My name is Kevin Carson. I’ve been invited to blog here, and I look forward to it, because I’ve been a regular reader of both Battlepanda and Unqualified Offerings for some time. One of my earliest contacts with Angelica was this post of hers: “Two Flavors of Libertarianism.” If you look in the comment thread, just about everybody in the left-libertarian blogosphere stopped by at some point.
My main gig is Mutualist Blog: Free Market Anti-Capitalism. Things have slowed down there quite a bit, though, because I’m working on a book on anarchist organization theory that takes up most of my time. And Mutualist Blog’s turned into mainly an org theory blog when I do update it.
The general theme of this blog is the affinity, or even a possible coalition, of libertarian elements on the left and right. That’s very much my kind of thing. My background is in individualist anarchism, which is sort of a left-wing version of market anarchism (or a free market spin on libertarian socialism). So I’m sort of on the outer fringes of both free market libertarianism and socialism.

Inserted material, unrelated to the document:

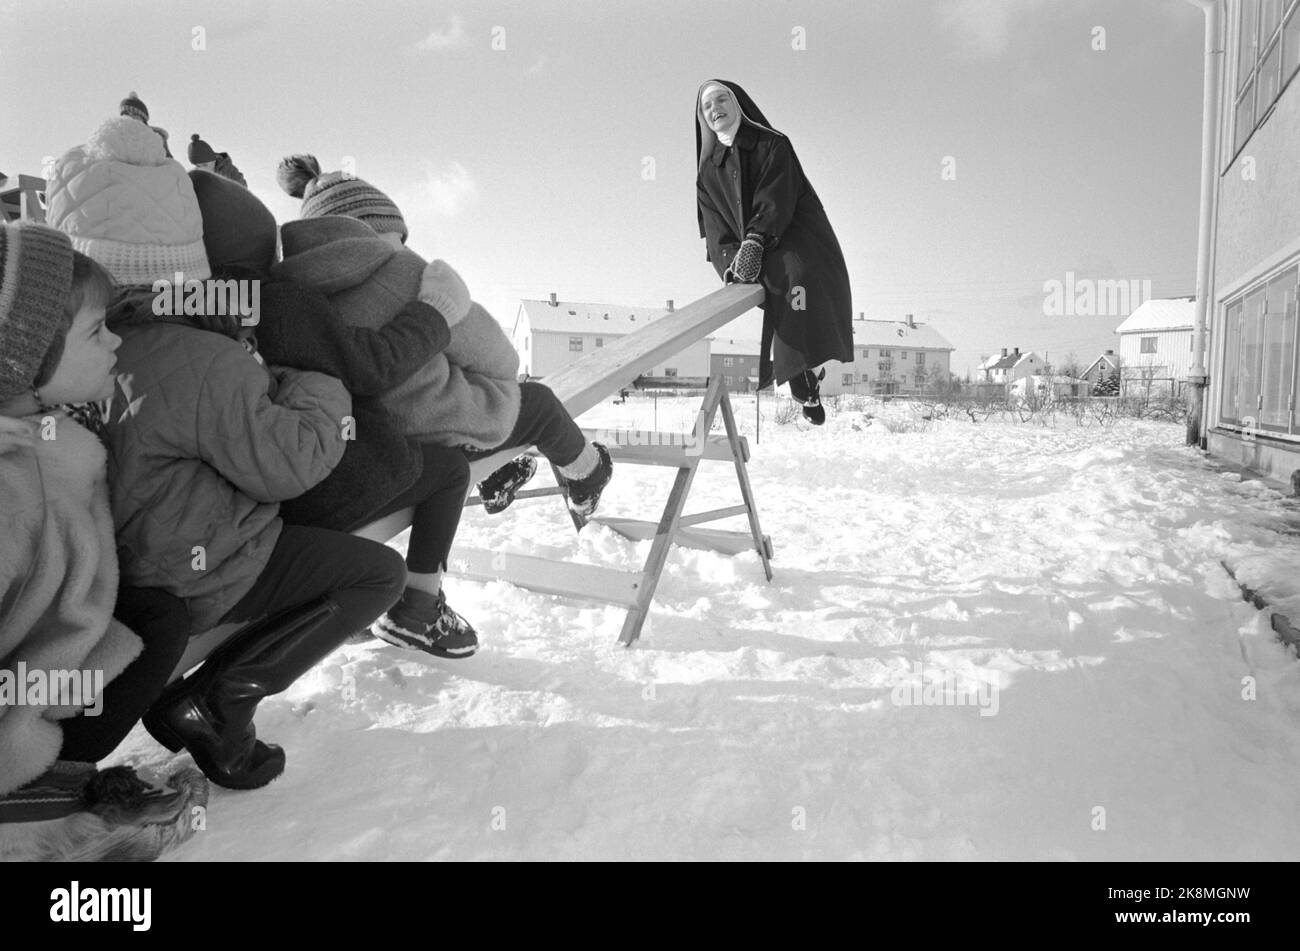 Bodø 1965 le monache cattoliche di St. Sunniva Hemm a Bodø gestiscono asilo, istruzione di judo, teatro amatoriale, balletto e danza pop. I bambini dell'asilo giocano sulla neve con la sorella Prisca. Suor Prisca, Svizzera, ha frequentato la Child Welfare Academy di Oslo. 50 figli sono fidati di lei e delle altre sorelle. Foto: Ivar Aaserud / corrente / NTB Foto Stock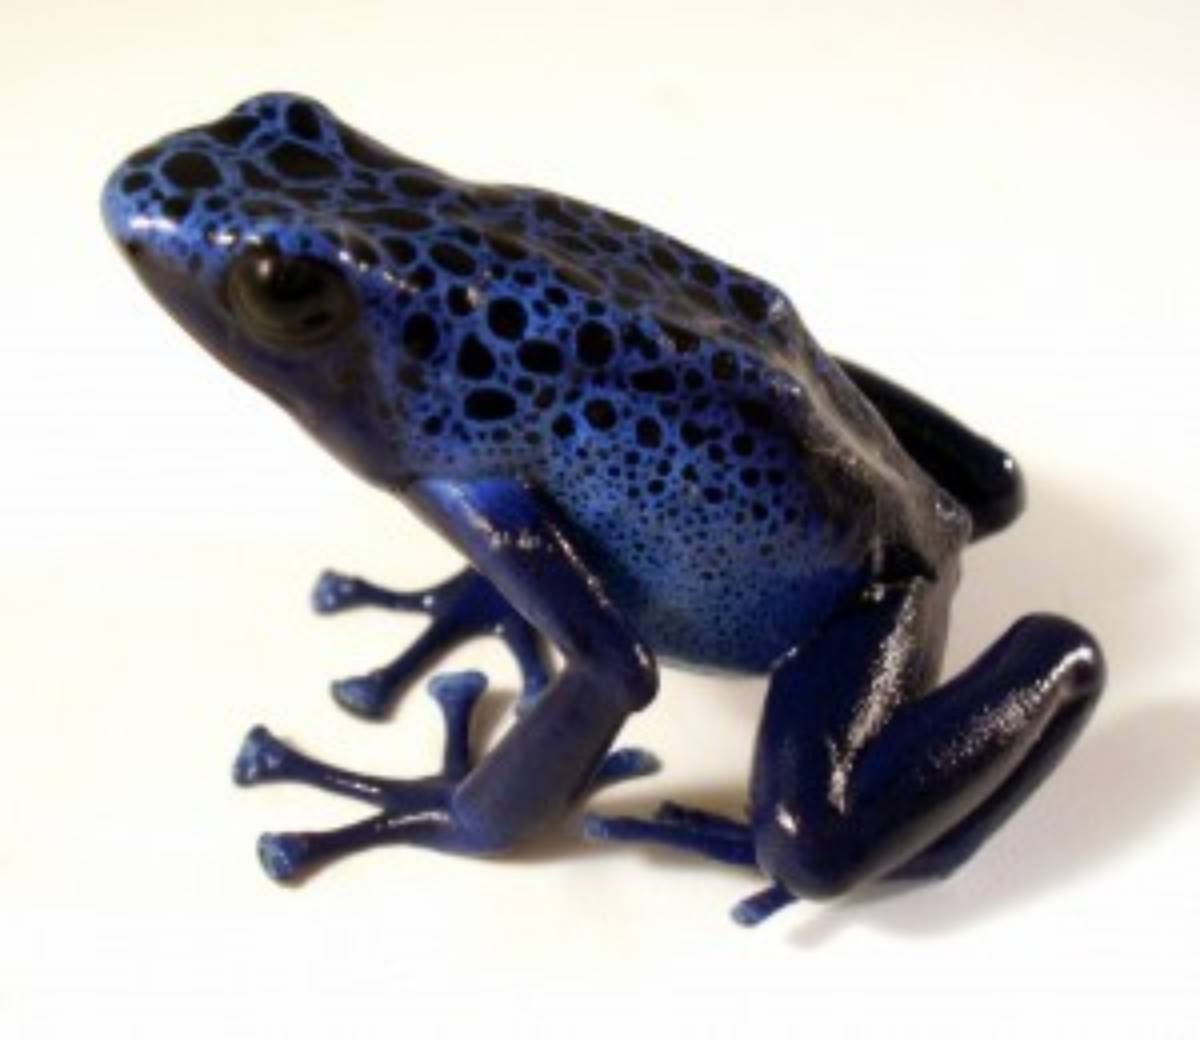 Dendrobates tinctorius 'Azureus' poison dart frog

My path to libertarianism was pretty convoluted. I started out about twenty years ago as a sort of stuffy paleocon (Russell Kirk, Richard Weaver–you know the drill). I drifted into the agrarian-decentralist wing of paleoconservatism, what Clyde Wilson called “the Jeffersonian conservative tradition,” and got heavily into the Levellers and commonwealthmen, the antifederalists, the agrarians and distributists, and so forth (you know, all the Crunchy Con stuff). From there I stumbled across Kirkpatrick Sale’s Human Scale, discovered an affinity for libertarians and decentralists of the Left, and went on to Benjamin Tucker, Ralph Borsodi, Lewis Mumford, and Ivan Illich. Today I consider myself a Leftist and carry a red card from the Wobblies, but I still feel considerable affection for the homeschoolers and gun rights people on the Right. If there’s any hope for this country, it probably lies in a coalition of the libertarian Left and Right against the Corporate Center that currently dominates American politics.
Anyway, I know I’ll enjoy blogging here, and I hope you enjoy reading it at least some of the time.
This entry was posted on Thursday, March 6th, 2008 at 2:37 pm.



I like reading this. And not just because it will help illuminate part of the process by which left-libertarianism emerged.
It is also an echo to an earlier, freer period of the internet. It was much more spontaneous back then, people making websites and blogs all over the place; online role-playing; MMOs; writing (yes, writing) for Wikipedia. All in one experience.
Nowadays, just after reading a bit about the Situationists, it feels as if it has become a spectacle.
However, it is just as likely that it is me who is not participating.
Hi, I was a libertarian before the term became associated with the far right too. I'm in favor of a widely inclusive coalition of opposition groups with the first priority of restoring the Bill of Rights. I also favor ending interventionist foreign wars, ending the ridiculous war on drugs, and generally removing all governmental authority over what one does with ones own body. I do believe that employee ownership, worker self-management and a spirit of voluntary cooperation and egalitarianism can compete with, undermine, and render obsolete the totalitarian institutions of Global Corporatism and authoritarian capitalism. I hope to be a regular visitor here, and when I feel I have something to contribute I will. The role of the libertarian and anarchist left in the history of class struggle in America is a rich one, and is all too often neglected, by the history books and the ideologues of the right and the left.